The latest threat comes as no surprise, given the mounting pressure on the Cuban government and Trump’s desperate need to divert attention from the Epstein files and public opposition to his terrible decision to attack Iran. However, a military attack on Cuba would further erode Trump’s core support and alienate the growing group of independent Americans seeking improvements in their lives. It would initiate a prolonged and costly conflict, further isolate the United States from its allies and international law, and dash hopes of negotiating economic reforms—something the Cuban government has shown itself willing to do.

Most importantly, by Trump’s own calculations, it would also amount to political suicide for the Republican Party just months before the midterm elections.

With so much at stake, how is it possible that this administration has dragged us to the brink of another illegal war with enormous human and economic costs, this time just 90 miles from the U.S. mainland?

Strangling Cuba: Another War Crime by Trump

The U.S. embargo and economic sanctions have caused a humanitarian crisis in Cuba for decades. Mark Weisbrot, of the Center for Economic and Policy Research, recently wrote that U.S. sanctions against Cuba constitute collective punishment of the civilian population and, as such, a violation of the Fourth Geneva Convention and a war crime. While the United States and Israel continue to bomb hospitals and schools in Iran, Lebanon, and Gaza during ceasefires, babies in intensive care are dying in Cuban hospitals without electricity or medicine. The Cuban public health system, which drastically reduced infant mortality and achieved human development indices that would put much wealthier countries to shame, has been forced to suspend surgeries and other vital care. Just as in the wars in the Middle East, it is women, children, and the elderly who suffer the worst consequences of the sanctions.

In January, Marco Rubio’s obsession with regime change in Cuba overrode common sense, and Trump intensified the suffering of the Cuban people. On January 29, 2026, he issued an executive order announcing tariffs on U.S. imports from any country that “sold or supplied oil to Cuba, directly or indirectly.” Relying once again on the International Emergency Economic Powers Act of 1977, the order designates Cuba as a threat to U.S. national security, listing a series of Cold War-era slogans and fabricated claims to argue that a small, impoverished island that has never attacked the United States poses a grave security risk.

Foreign leaders, including Mexico’s Claudia Sheinbaum, immediately condemned the measure against Cuba and the abuse of extraterritorial power. United Nations human rights experts demanded the lifting of the U.S. blockade in a strong statement: “The U.S. executive order imposing a fuel blockade on Cuba constitutes a grave violation of international law and a serious threat to a democratic and equitable international order… International law does not grant the right to impose economic sanctions on third States for engaging in lawful trade with another sovereign country.”

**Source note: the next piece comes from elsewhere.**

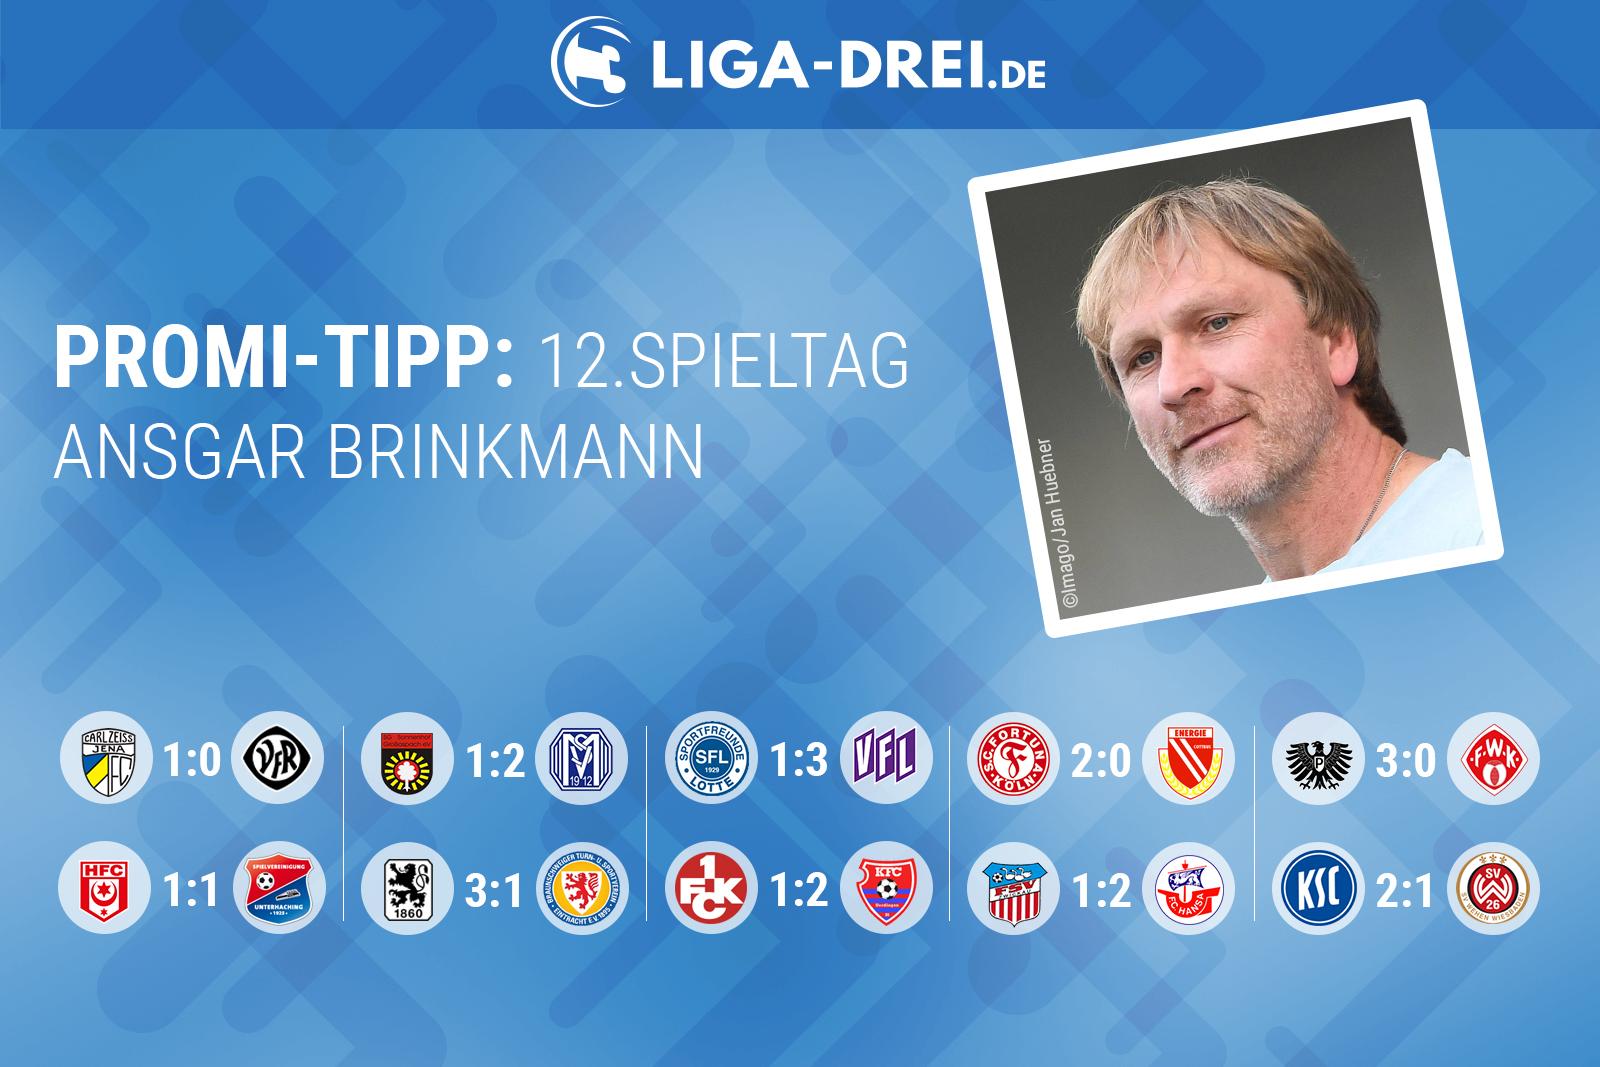 Ansgar Brinkmann tippt den 12. Spieltag 2018/19

No act of aggression or threatening move by Cuba triggered the order. Trump’s threat of tariffs exploits the U.S. economy—built and sustained by millions of workers and consumers—for the agenda of his administration’s bourgeoisie and the far-right’s strategy of global hegemony. The Supreme Court’s February 20, 2026, decision, which struck down the use of the International Emergency Economic Powers Act of 1977 to employ tariffs for political purposes without congressional approval, failed to ease the pressure. The Trump administration dusted off another false justification, the Trade Act of 1974, to continue with the tariff threats. Mexico, a key supplier of fuel to Cuba, has so far been unwilling to risk a trade or military confrontation with the United States to resume shipping oil to the island, which is suffering from shortages. However, Trump backed down in his confrontation with Russia, and a Russian oil tanker delivered 780,000 barrels of crude oil to the island in March. The Russian government recently announced that another oil tanker is on its way.

Defense Secretary Pete Hegseth aboard the guided-missile destroyer USS Hudner (DDG 116) during his visit to the Guantanamo Bay Naval Base, Cuba. Photo: Petty Officer First Class Alexander C. Kubitza, U.S. Navy.

The regime-change faction against…

Setting aside the bluster, there are differences within the Trump administration on how to approach the Cuba issue. The regime-change agenda is driven by three forces: appeasing the personal vendetta of Marco Rubio and the anti-Castro faction in Florida by overthrowing the current government; eliminating regional leftist leaders who openly oppose Trump’s renewed Monroe Doctrine on hegemony in the Americas; and promoting the far-right’s plan to create a capitalist resource reserve in Latin America by imposing puppet governments that obey their orders.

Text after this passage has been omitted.